Exercise data.
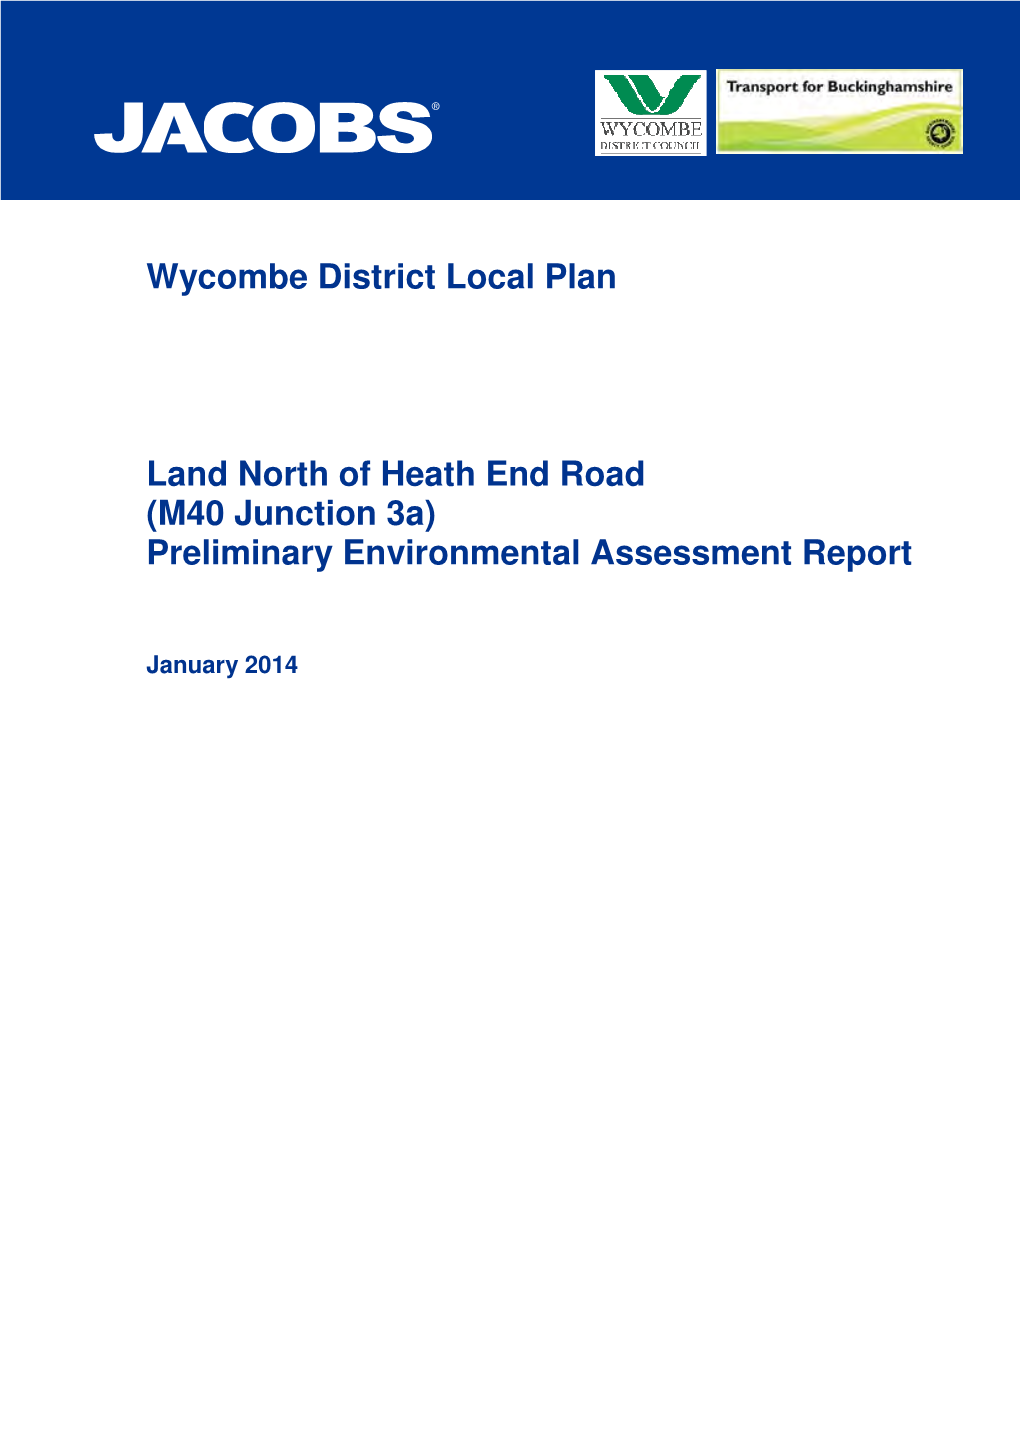 Land North of Heath End Road (M40 Junction 3A) Preliminary Environmental Assessment Report
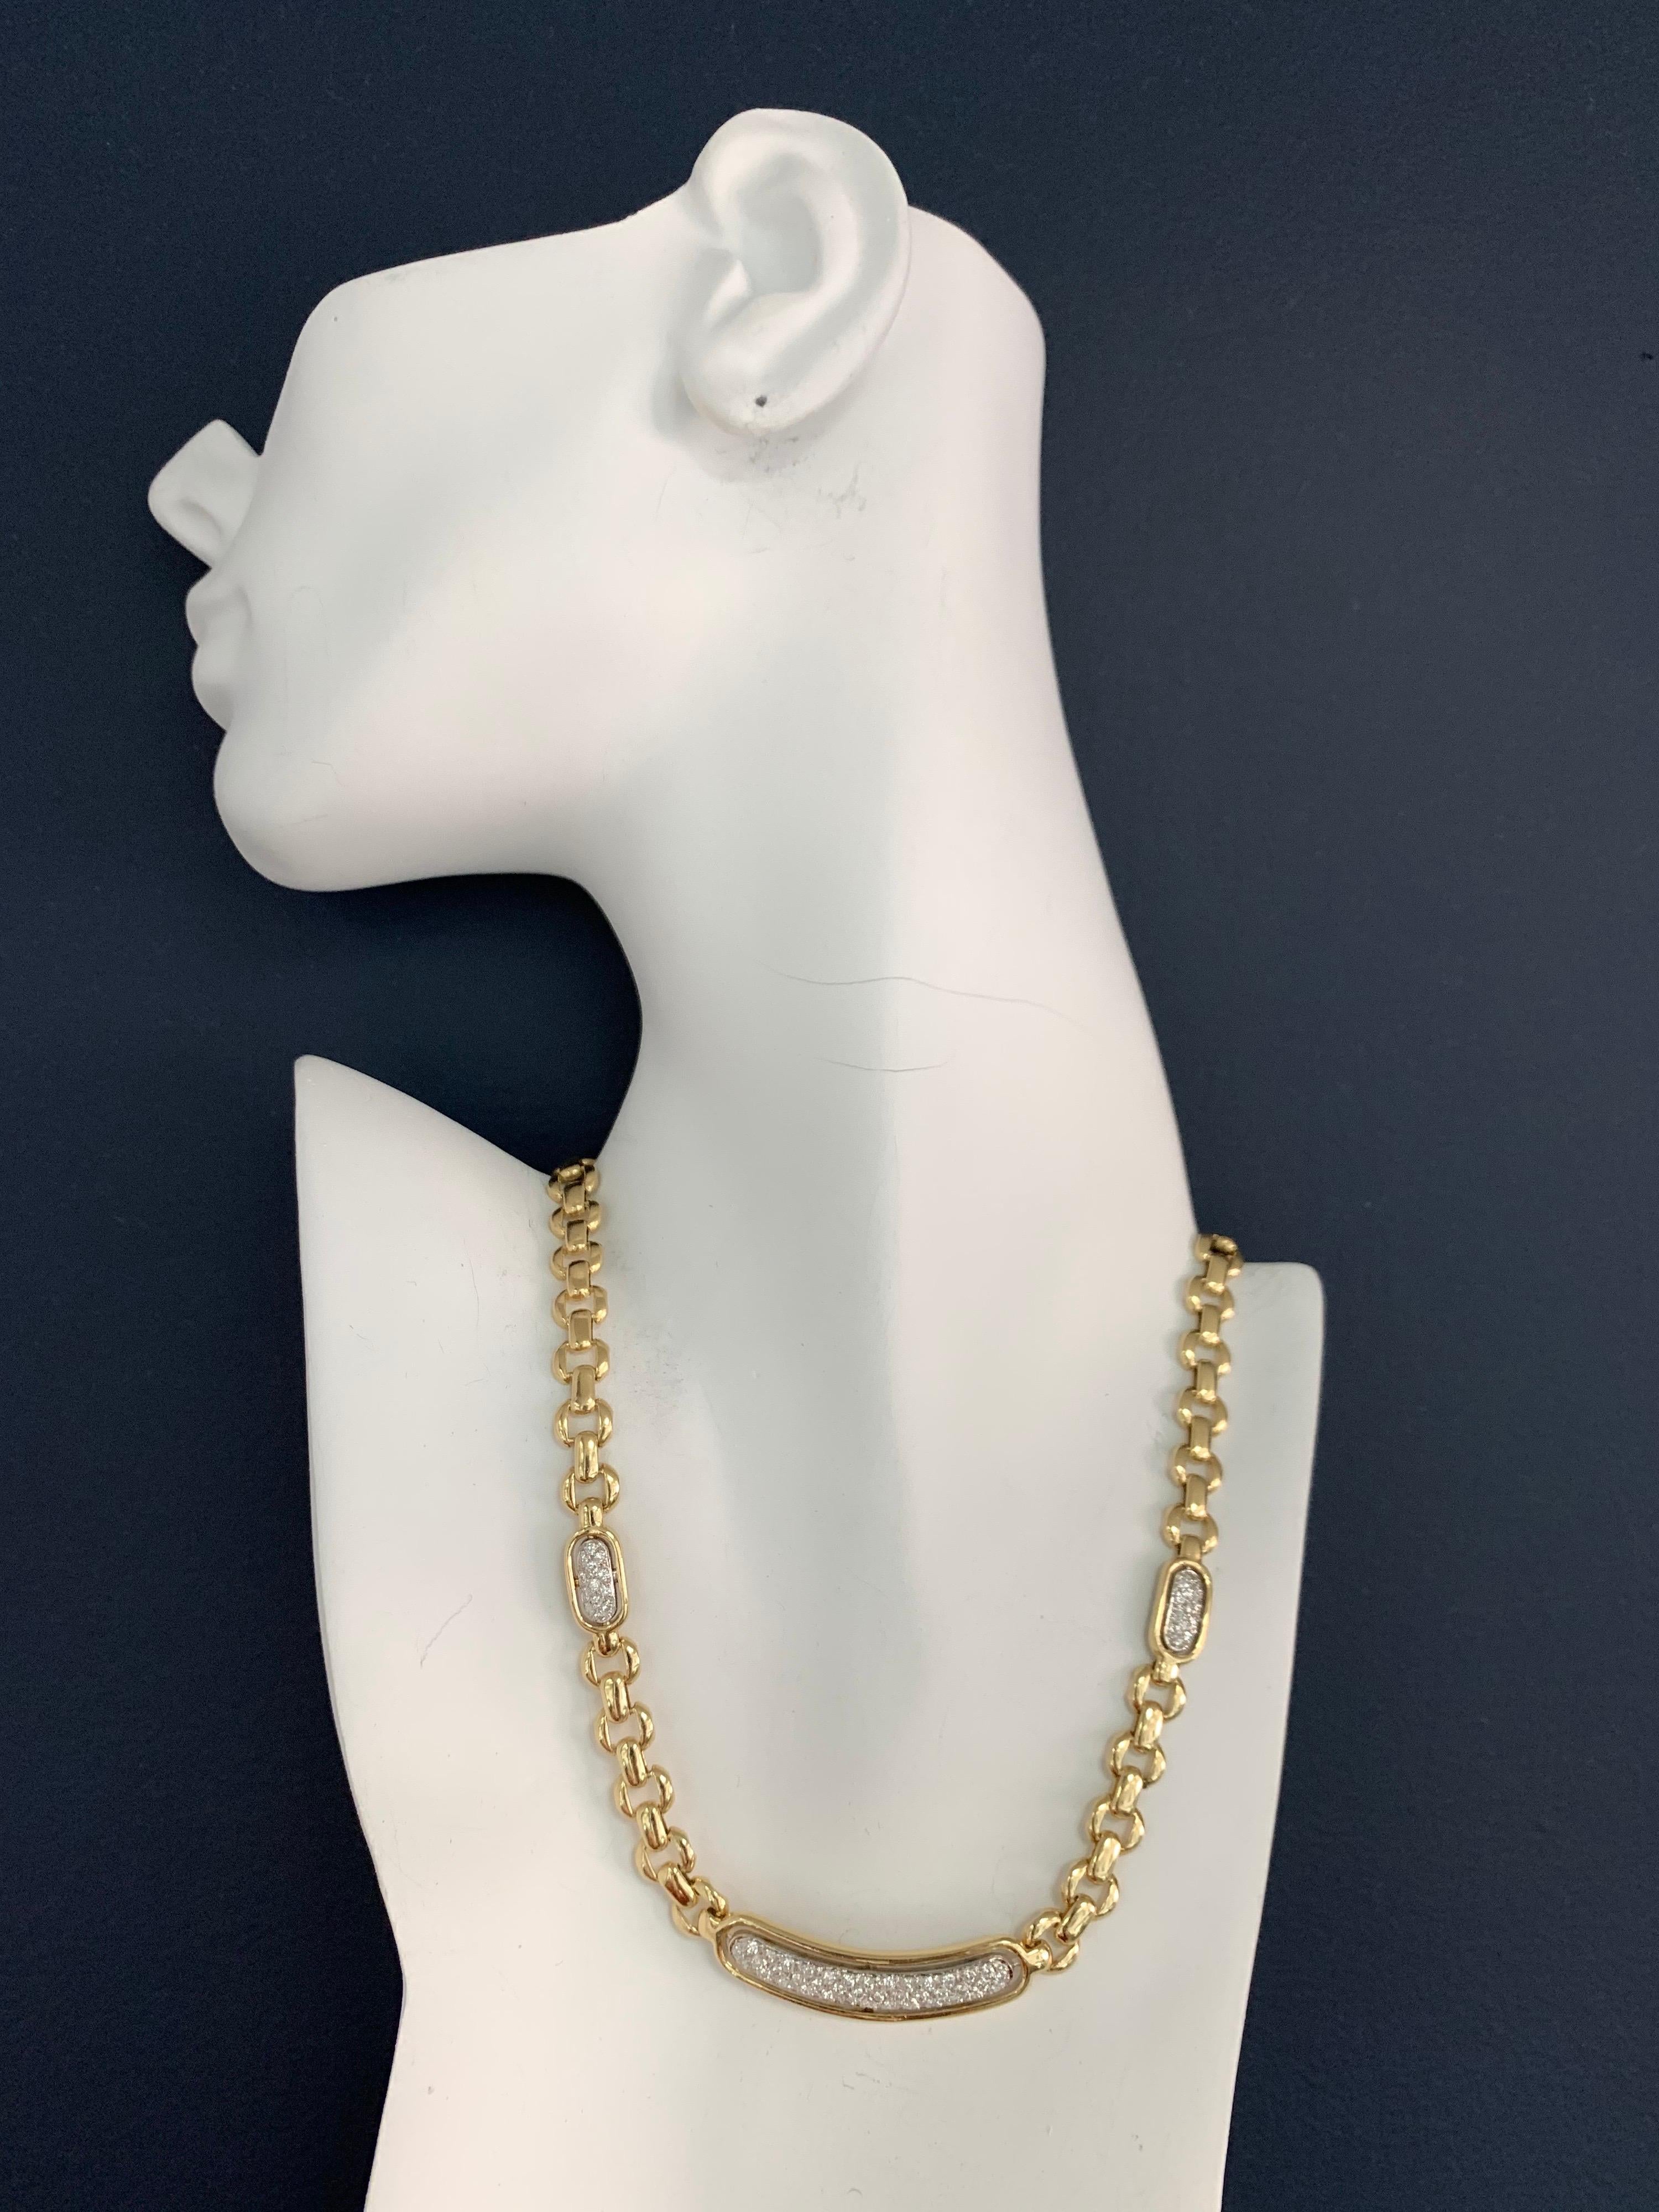 Modern 14K Yellow Gold 1.50 Carat Natural Round Brilliant Diamond Necklace, Made in Italy, circa 1980. The 66 natural round brilliant diamonds are approximately G-H in color and VS-SI in clarity. 

The length of the necklace is 16.5

Work to be completed. All that is required is an exact reproduction of the lines from the one containing "Modern 14K Yellow" to the final line of the listing above, pictures omitted.

Solution.
 Modern 14K Yellow Gold 1.50 Carat Natural Round Brilliant Diamond Necklace, Made in Italy, circa 1980. The 66 natural round brilliant diamonds are approximately G-H in color and VS-SI in clarity. 

The length of the necklace is 16.5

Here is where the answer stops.